Well, actually, I guess there are two. But I mean only one post-biblical literary Ishmael. In Moby Dick. I guess it's sort of funny how I just discounted the original Ish, eh?
Anyway, I am currently reading my 'Q' author. This brings me to the upstart, wanna-be Ishmael by Daniel Quinn. Ishmael in this book is a gorilla. A gorilla teacher. How can a gorilla teach his pupil? Well, in this case he "talks" via a sort of telepathic communication to his earnest, ex-hippie kind of narrator.
If this is all starting to sound very new age and perhaps silly, well, it is. I've heard about this book for a while, mostly that a)some book lovers I know hated it and b)these days, some high schools are making it required reading. But only adventurous high schools. Of course both of those things did nothing to promise me it would not be very new age and perhaps silly.
I'm having novel issues with it again, as I have with some other letters (O, J...) This one strikes me as particularly not a novel, not even a thinly veiled memoir or anything. It's more like a metaphysical self-help philosophy book that Quinn makes into a novel by giving it two "characters" who have the conversation, instead of Quinn just writing his philosophy for the world to see. I'm 157 or something pages in, and the man and his instructing gorilla never go anywhere or do anything. The man leaves at night and comes back the next day for more instruction. The whole book is dialogue, nearly.

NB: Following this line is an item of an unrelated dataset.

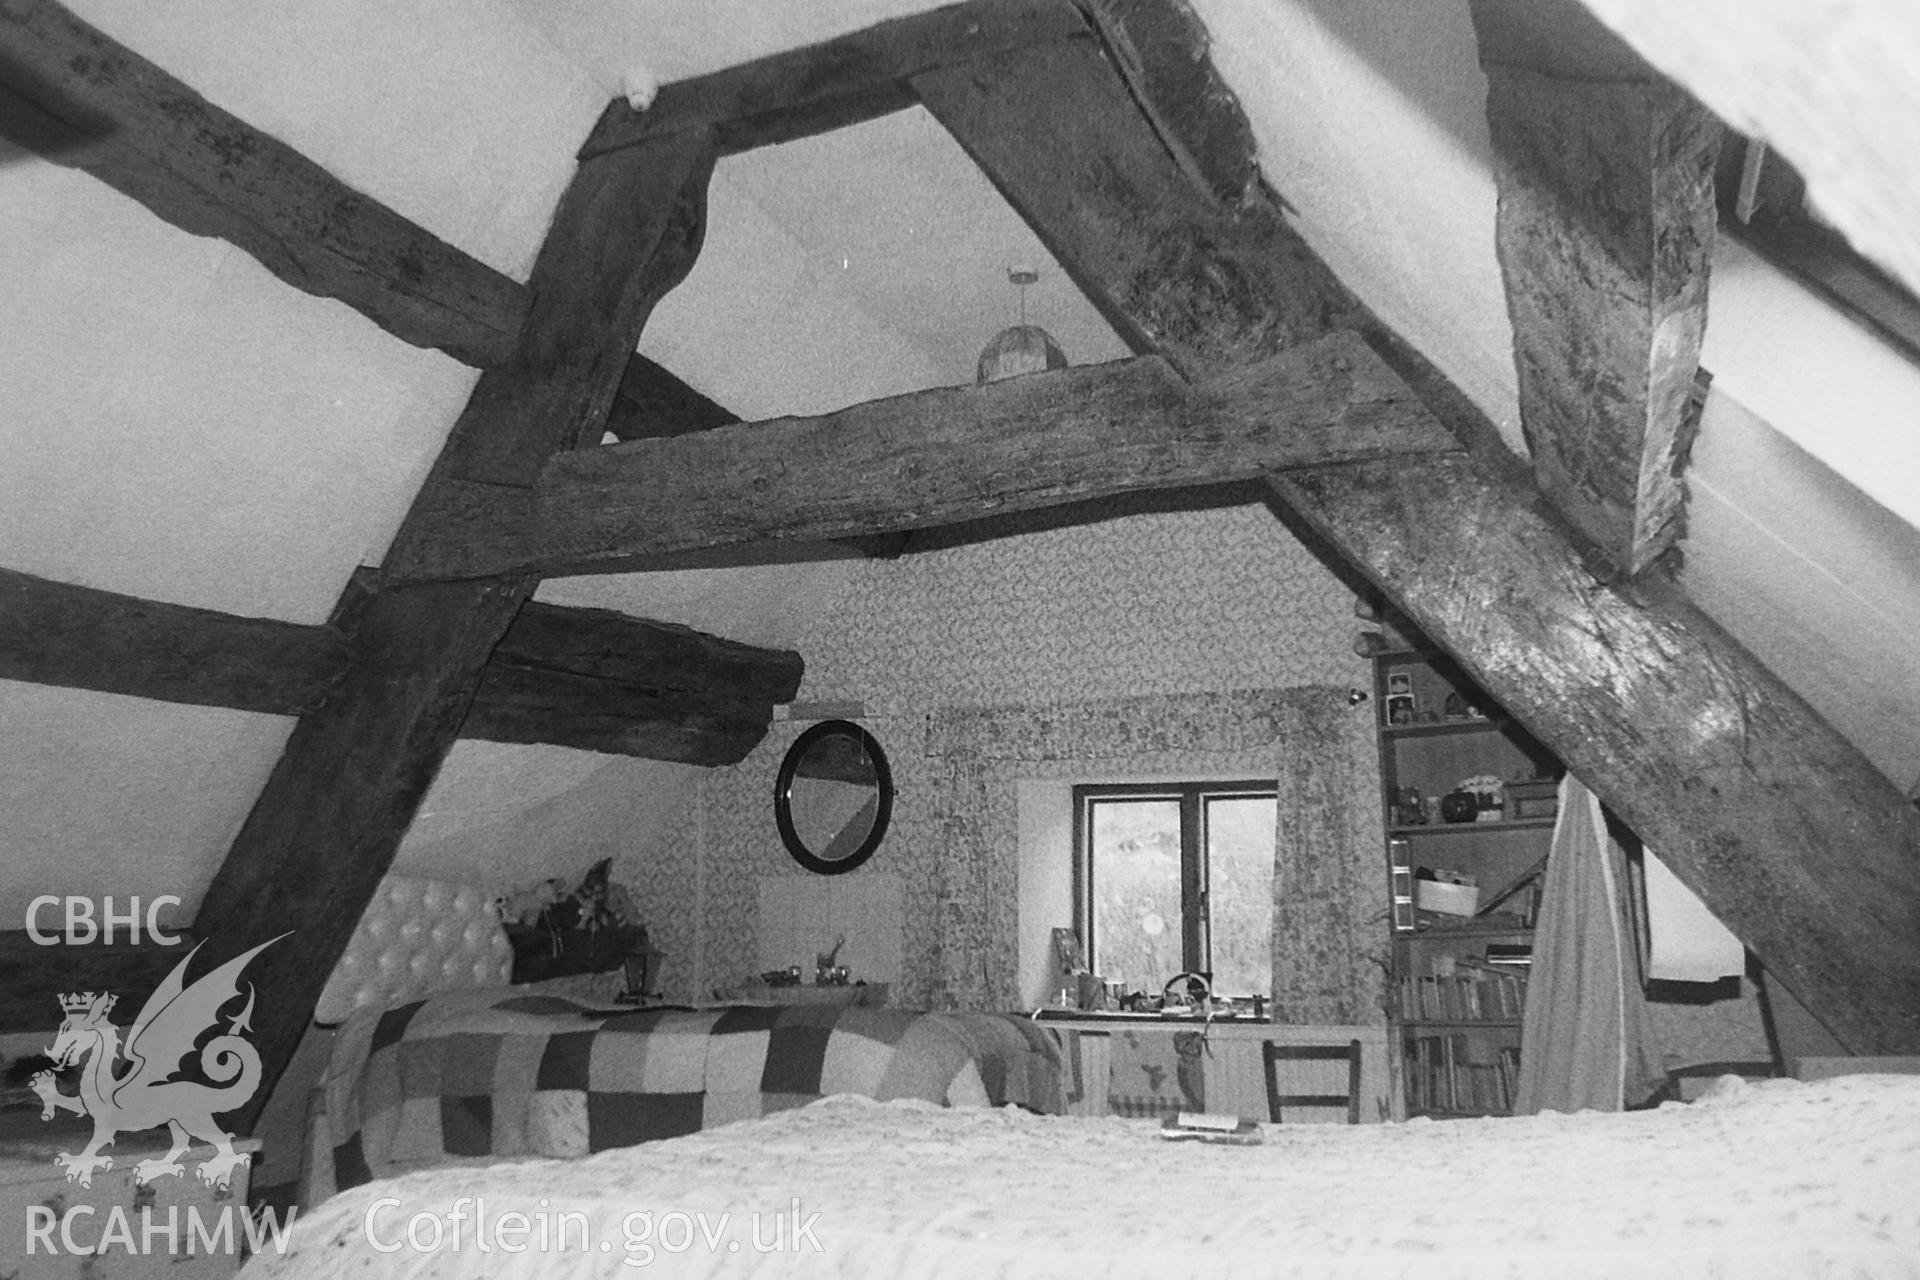 Black and white photo showing interior view of Chapel Farm, taken by Paul R. Davis, undated.

So if one can handle all that and get over the fact that 'Q' is not going to be a novel, what then does one think about Ishmael?
Well, it's a little weird. (Obviously.) But I kind of like some of its ideas: humans think they're not subject to the laws of nature, etc. Most recently, the idea that the gods had a perfectly good reason for telling man he'd "surely die" the day he tasted the fruit of the tree of knowledge was pretty fun. I liked the explanation behind that. But I am still convinced as I read it that I'm secretly sitting in Philosophy 101 and not actually reading a novel.
I read a slew of reviews on Good Reads that totally ripped Ishmael up one side and down the other. I half agreed with them. The book is really kind of silly, and yet not. I am currently quite amused with myself when I think, "hmm, I'll just go off and check in with my gorilla for a little while."